Questions fréquentes

Combien de numéros de call tracking faut-il pour un petit site ?

Pour un site de moins de 100 visites par jour, un pool de 4 à 6 numéros suffit largement. Le pic de visiteurs simultanés y dépasse rarement 3, et la règle d'un numéro pour 8 à 10 visiteurs simultanés donne donc un besoin très faible. Inutile de surpayer : commencez petit, puis surveillez votre taux d'appels non attribués pour ajuster.
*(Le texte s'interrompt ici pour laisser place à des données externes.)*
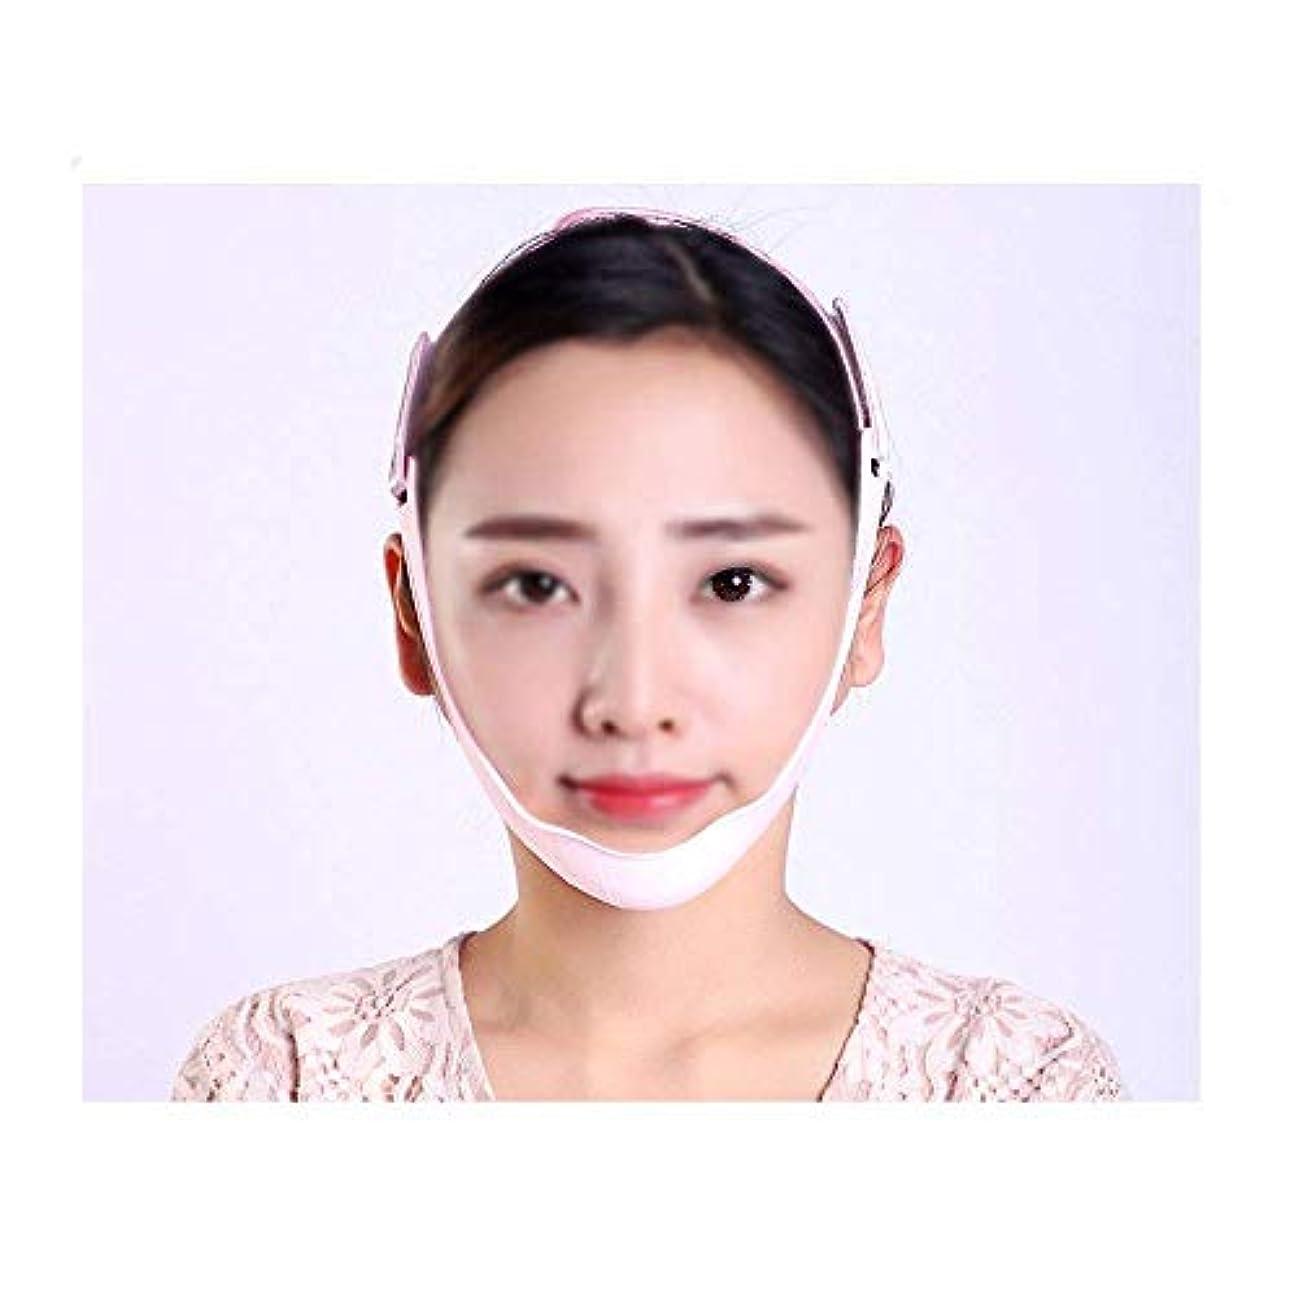 シチリア自伝頑丈フェイシャルリフティングマスク、リフティングフェイシャルファーミングアーティファクト/マッサージ器薄い顔の包帯/通気性ダブルチンスリミングマスク

Faut-il un numéro par visiteur ?

Non, c'est l'erreur la plus courante. Il faut un numéro par visiteur simultané, pas par visiteur de la journée. Un site à 500 visites quotidiennes ne présente qu'une quinzaine de sessions actives au même instant aux heures de pointe : un pool de 12 à 20 numéros couvre ce trafic, pas 500 numéros.

Comment savoir si mon pool est trop petit ?

Surveillez votre taux d'appels « non attribués » ou « direct ». S'il augmente, surtout aux heures de pointe, votre pool déborde : les visiteurs en trop voient le numéro par défaut non tracké et leurs appels quittent votre attribution. Recalculez la taille sur votre pic horaire de sessions et ajoutez 30 % de marge.

Quelle formule utiliser pour dimensionner un pool DNI ?

Deux formules éprouvées. La méthode CallRail : pic horaire de sessions divisé par 4. La méthode Nimbata : (visiteurs par heure ÷ (60 ÷ durée moyenne de session en minutes)) × 1,3. Calculez avec les deux et retenez le résultat le plus élevé, arrondi au numéro supérieur.

Un pool trop grand pose-t-il problème ?

Oui, mais différemment. Un pool sur-dimensionné ne dégrade pas l'attribution, il gaspille du budget : chaque numéro de tracking se loue au mois, et au-delà de votre pic réel de simultanéité, les numéros supplémentaires ne captent rien de plus. Retirez les numéros jamais assignés depuis 30 jours pour ramener le pool à son besoin réel.